Eins ist klar: Auch wenn die Bestandskunden genötigt werden, mehr Geld zu bezahlen, werden sich Neukunden angesichts des Preisschocks gründlich Gedanken machen, bevor sie auf VMware-Produkte setzen. Es ist nicht so, dass VMware-Produkte alternativlos wären.
Was tun?
In keinem Bereich hat VMware derartige Alleinstellungsmerkmale, die andere Lösungen inakzeptabel erscheinen lassen. Insofern ist zu empfehlen, bei der Auswahl einer Virtualisierungslösung nunmehr verstärkt die Wirtschaftlichkeit zu betrachten. Jeder Hersteller muss sich dabei dem Wettbewerb stellen. Die berühmte Gesamtkostenrechnung ist anzuwenden. Die entscheidende Komponente der Gesamtkosten sind die Lizenzen. Niemand kann nachvollziehbar begründen, dass die Mehrausgaben für Lizenzen langfristig andere Kosten zum Beispiel für Personal reduzieren. Ich kenne auch keine seriöse Rechnung, aus der hervorgeht, dass sich die Entscheidung für die teuersten Virtualisierungslizenzen durch höhere Verfügbarkeit auszahlt. Daher steht und fällt der Wirtschaftlichkeitsvergleich mit den Lizenzkosten, berechnet über die projektierte Betriebszeit.
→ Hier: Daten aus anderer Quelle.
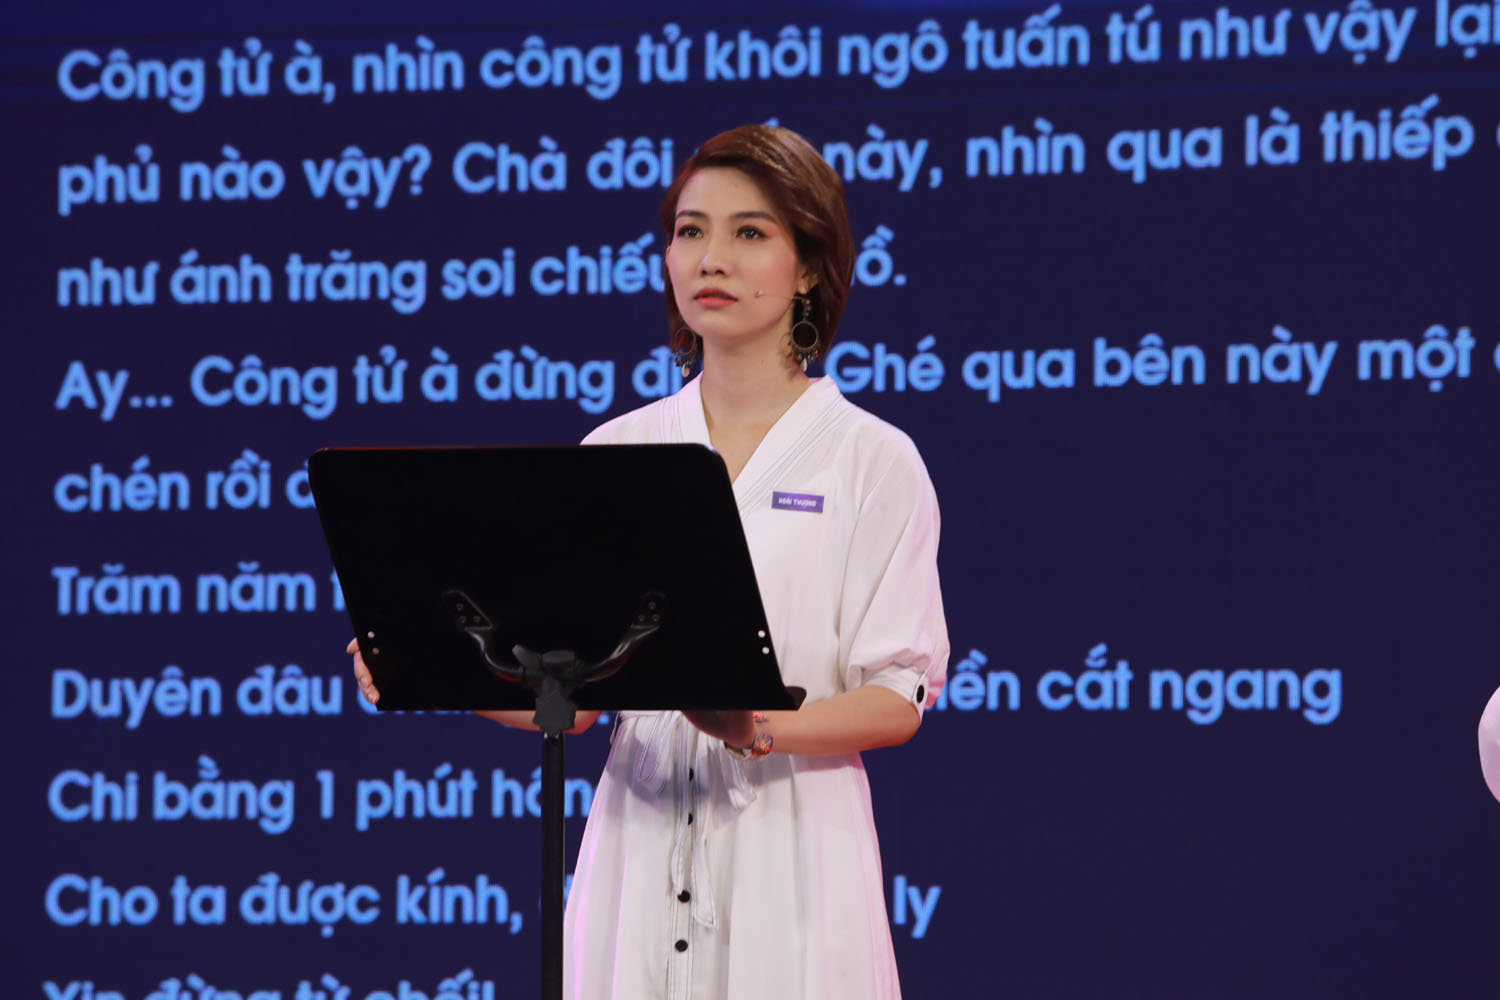 DVLT HOAI THUONG 1 Thanh Âm Quyền Năng – chương trình truyền hình hiếm hoi khai thác nghề lồng tiếng ở Việt Nam
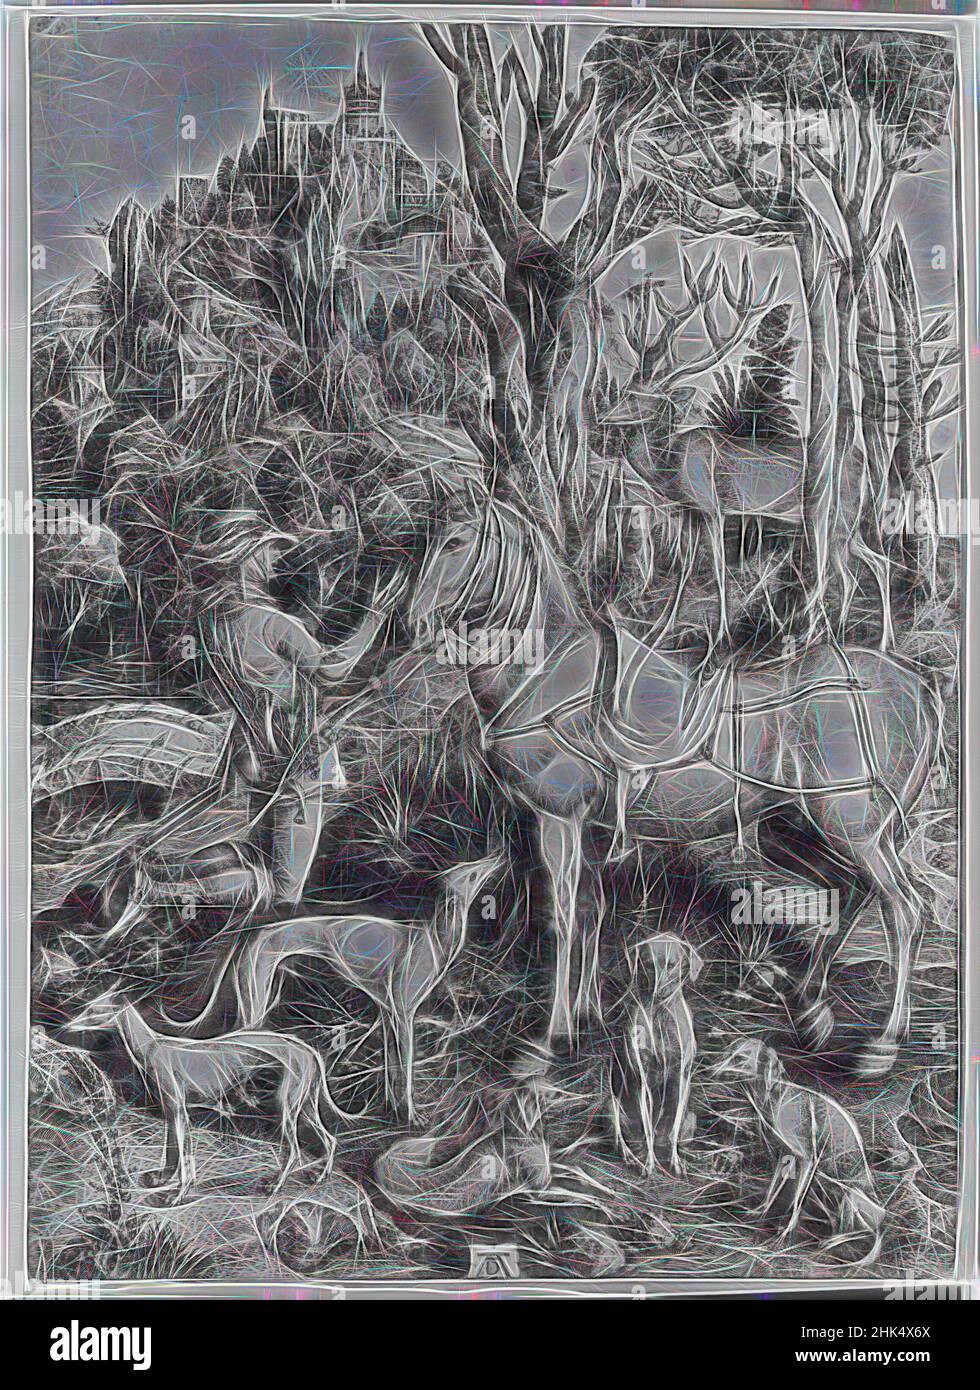 Inspiriert von St. Eustace, Albrecht Dürer, Deutsch, 1471-1528, Radierung auf gedrucktem Papier, 1561, 14 1/8 x 10 1/4 Zoll, 35,8 x 26 cm, neu gestaltet von Artotop. Klassische Kunst neu erfunden mit einem modernen Twist. Design von warmen fröhlichen Leuchten der Helligkeit und Lichtstrahl Strahlkraft. Fotografie inspiriert von Surrealismus und Futurismus, umarmt dynamische Energie der modernen Technologie, Bewegung, Geschwindigkeit und Kultur zu revolutionieren Stockfoto

Einen Fehler darf man auf keinen Fall wiederholen: die Vernachlässigung der Exit-Strategie. Wie auch immer der Ersatz für die zu teuer gewordenen Produkte heißen mag, muss klar sein, welche Vorkehrungen einen künftigen erneuten Technologiewechsel ermöglichen, notfalls unter Verzicht auf die eine oder andere Funktionalität.